Don't get me wrong, the Pi was a fabulous little board, but it was never designed for 24/7 network related operations.
And it's certainly not a replacement for a system that doesn't need replacement.

Comment Re:The fascination (Score 1) 81

I dunno either, but my main home server is a PIII, running primary dns, dhcp, smtp and a few other services, and average load in the 0.01 range. It's been running pretty much non-stop since 2003.

There's really no need to upgrade just to upgrade, if the box can do its job without breaking a sweat and can be kept patched up to date.

If PIII machines were available and could run the software, why not?

Comment Re:No support for dynamic address assignment?!? (Score 1) 287

*sigh* No it doesn't. A unicast reply needs a destination MAC, either the end client or a relay agent.
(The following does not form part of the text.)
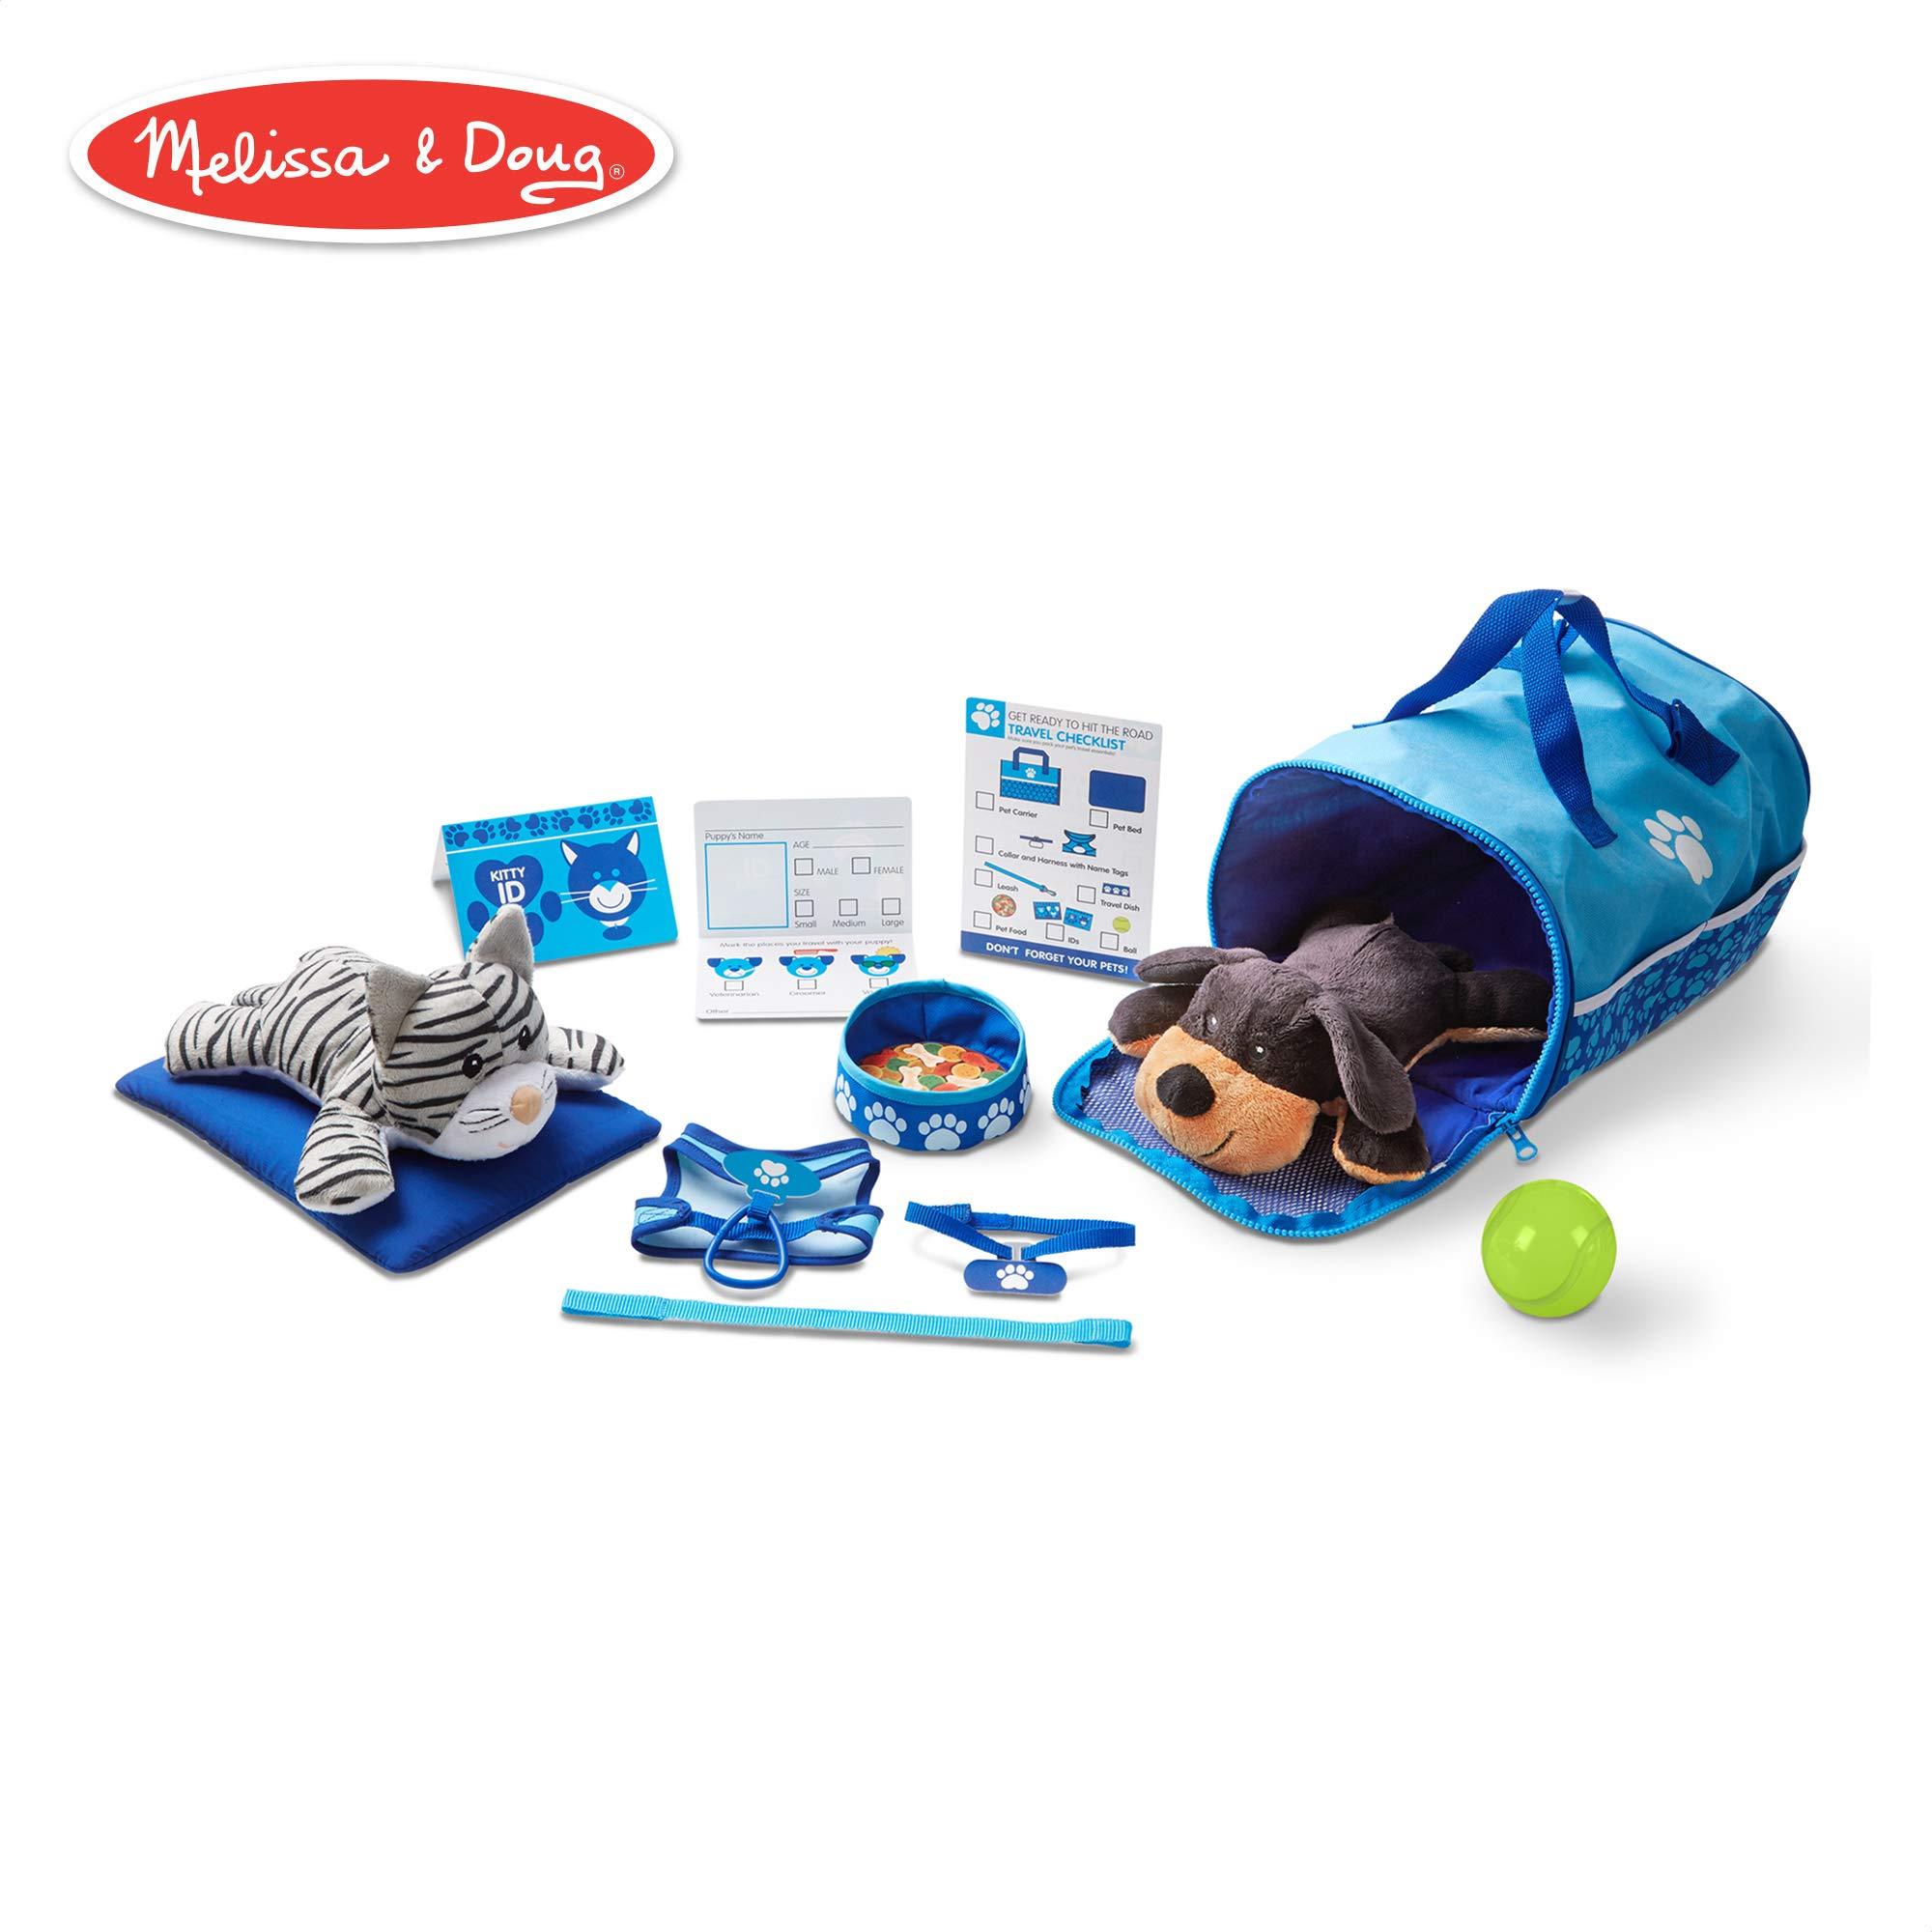 Melissa & Doug Tote & Tour Pet Travel Play Set (2 Plush Stuffed Animals, 15 Pieces, 10.5'' H x 3.5'' W x 13.5'' L) by Melissa & Doug

A broadcast reply, however, DOES. NOT.

*sigh* This is wrong on so many levels.

1: The DHCP protocol mandates that every packet contains the hardware address (for ethernet, the MAC address) in the chaddr field.

2: It's the client's call to DHCP servers that discloses the client's MAC address. What replies do is irrelevant.

3: Even if that weren't the case, all packets including replies still contains the client's hardware address in the chaddr field. Without it, bootp dhcp relays would not work, as they do not parse the data segment of the dhcp packages and would not know what the client identifier key is set to.

4: Even if that weren't the case, the DHCPOFFER, DHCPACK and DHCPNAK packets from the server to the client are almost always unicast. No dhcp client in use today will set the broadcast flag on its DHCPDISCOVER or DHCPREQUEST messages - the RFC is pretty clear that only clients that cannot receive unicast replies should set the broadcast bit, all others should clear it. You may find an old Sun box from the 1990s with a bootp client that needs to use broadcasts exclusively before its network stack comes up, but that corner case is so small that it can be ignored for this purpose. And even then, the client must fill in the chaddr field, and the server leave it as is in replies.

But to sum it up, yes, you tell the DHCP server your MAC address.

And modern DHCP servers use that information too, not just the client uid. For one thing, combined with turning off broadcast replies, it allows for restrictions on how many IP addresses can be given to any client (a fairly common attack back when was to keep on requesting and accepting addresses, exhausting the pool).